Download and install BuildTools for Visual Studio from Microsoft
1. After adding to the Visual Studio Installer, modify the installation and include "C++ for desktop development"
Download and install Anaconda from Anaconda, don't forget to click on the checkbox to add the path to Windows Environments
Download wget.exe from eternallybored
1. After the download, copy the file and paste it into the Windows/Sys32 folder on your drive
Download and install cuda-toolkit from Nvidia
- For RTX 5060 Ti and newer GPUs, install CUDA 12.8 or newer
- For older GPUs, CUDA 11.8 from archive may be sufficient

SecondStep

Environment Setup

(Note that you cannot ignore the [#FirstStep] since SAM2.1 will not run without those programs )

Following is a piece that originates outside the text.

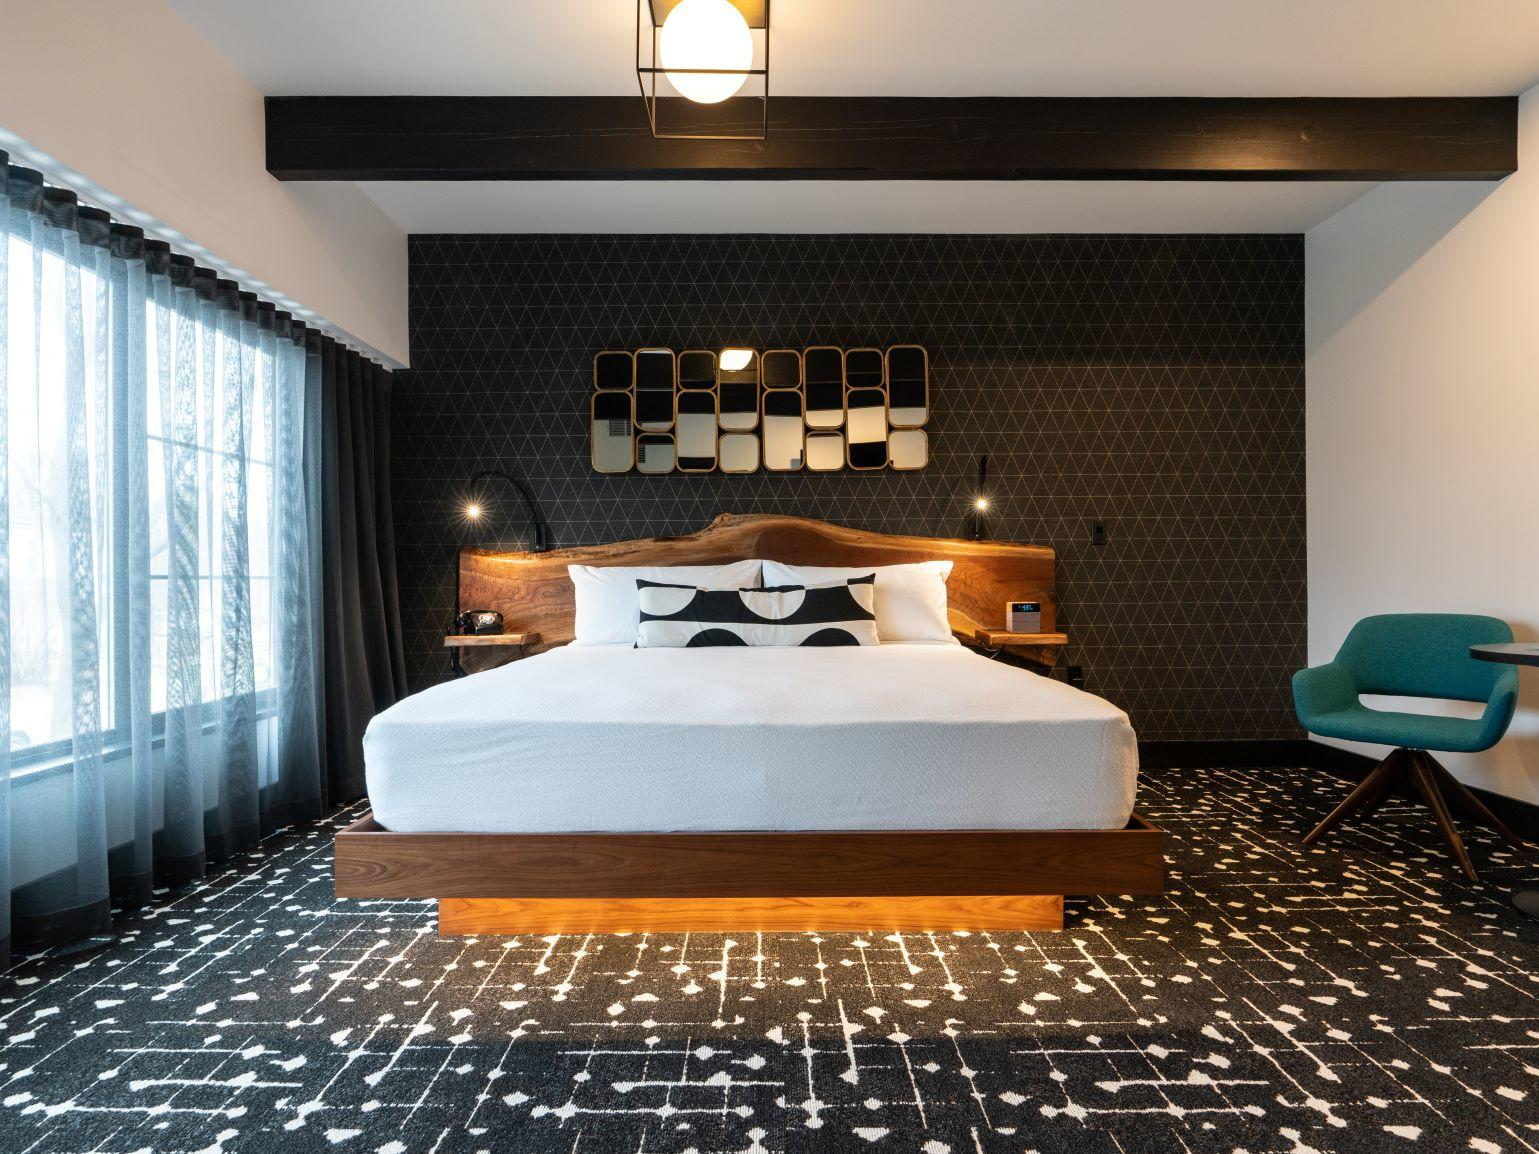 King room at Hotel Earl
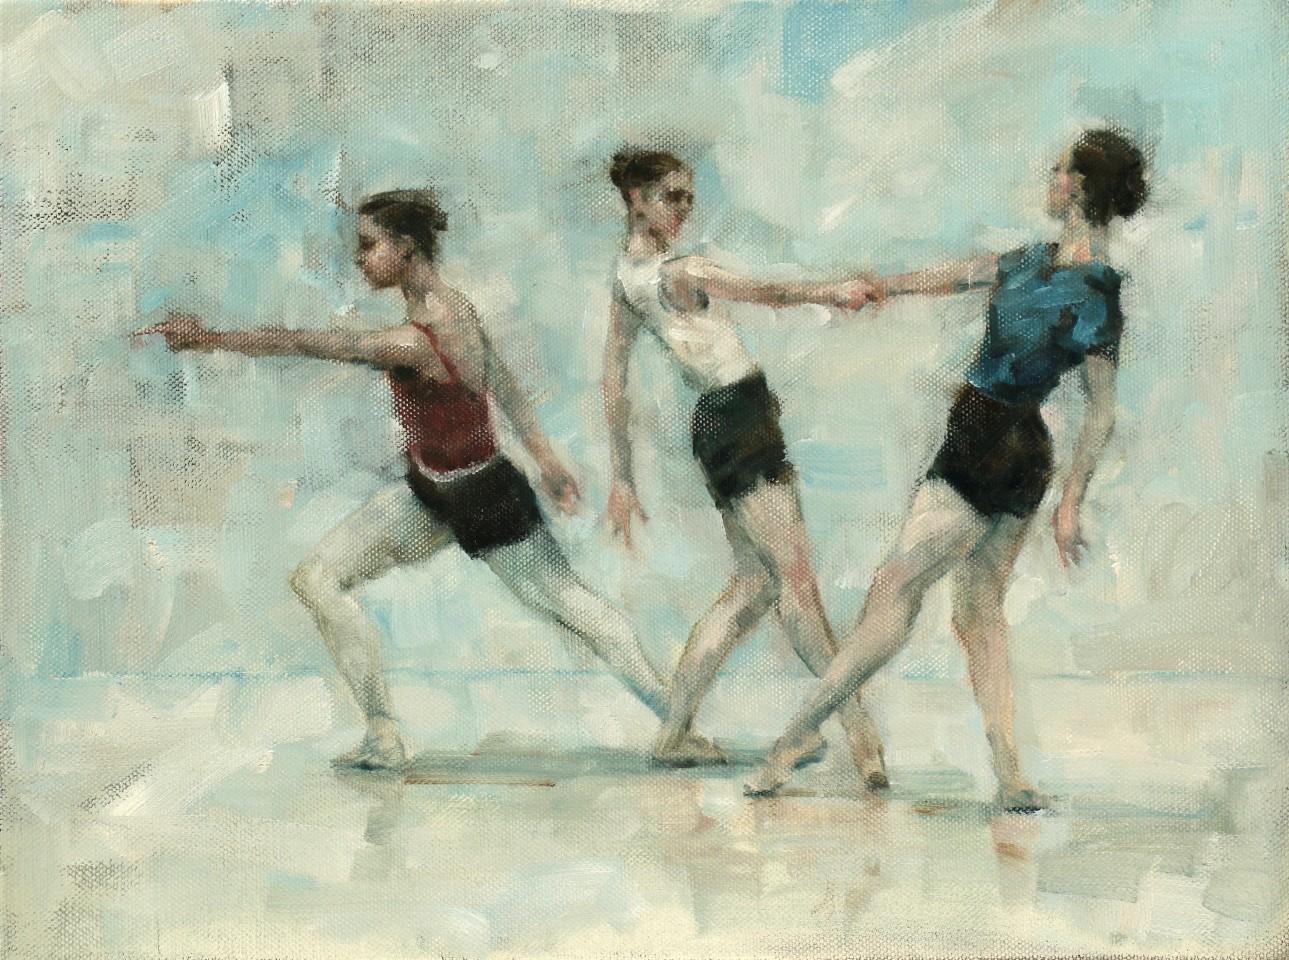 Carl Chapple, Ex Situ - Colleen Grace, Ann Louise Wall & Noami Stienstra (Ballet Cymru Rehearsal 171)

Create and activate a conda environment:

#-n {name_you_want_for_your_env} //you can name it whatever you want
#-y it's for accepting automatically the prompt
conda create -n sam2_env python=3.10 -y

conda activate sam2_env

Install required packages:

# For CUDA 12.x (recommended for RTX 5060 Ti and newer GPUs)
pip install torch torchvision torchaudio --index-url https://download.pytorch.org/whl/cu121

# For CUDA 11.8 (for older GPUs or existing installations)
# pip install torch torchvision torchaudio --index-url https://download.pytorch.org/whl/cu118

pip install opencv-python matplotlib pandas scipy pillow tqdm transformers accelerate pycocotools 

pip install label-studio

pip install scikit-learn

Clone the Github repository to folder/local of choice or download via their provided GUI interface

if by GUI download, just unzip the folder to the location you want
if by using git commands

git clone https://github.com/SaraSSC/CorkDefectAnalizer.git

Or start from scratch

Install sam2

git clone https://github.com/facebookresearch/sam2.git

Move inside the sam2 folder:

cd sam2
pip install -e .

Move inside checkpoints and install the checkpoints

cd checkpoints
download_ckpts.sh #or download_ckpts.bat

Copy the files that are missing from my repository to the sam2 folder, don't forget to keep the same names for them.

DatasetPreparation

Option A: Using Raw Images and Masks

Create a directory structure for your dataset:

mkdir -p ./dataset/images
mkdir -p ./dataset/masks

If you already have image, masks and train.csv files just place then in the ./dataset in their respective folders

./dataset/images for the images
./dataset/masks for their masks
./dataset for the train.csv file

Option B: Converting from Label Studio

If you're using Label Studio for annotations:

Export your project in "COCO with images" format (which includes both annotations and images[in .(your original format)])
Extract the ZIP file from Label Studio to ./sam2/label_studio_exports/

- This will create a JSON file (typically result.json) and an images folder

- Important: Keep the original folder structure - the JSON file and images folder must be in the same directory

Use the prepare_dataset.py script to convert the exports to our format:
- This python file is made to handle coco and pascal voc formats

--format {option: coco or voc}

# For Label Studio's COCO export format
# Point to the JSON file; the script will automatically find the images folder next to it

python create_dataset.py --input /path/to/label_studio_exports/result.json --output_dir ./dataset --format coco

After running the conversion script, you'll have:


dataset/

├── images/              # Images copied from the Label Studio export and converted to .png extension

│   ├── image1.png

│   ├── image2.png

│   └── ...

└── masks/               # Generated binary masks from the polygon annotations

    ├── image1.png

    ├── image2.png

    └── ...

Use the prepare_csv_dataset.py to create the .csv file that contains the mapping A CSV file will map each image to its corresponding segmentation mask, ensuring proper indexing for SAM2 training.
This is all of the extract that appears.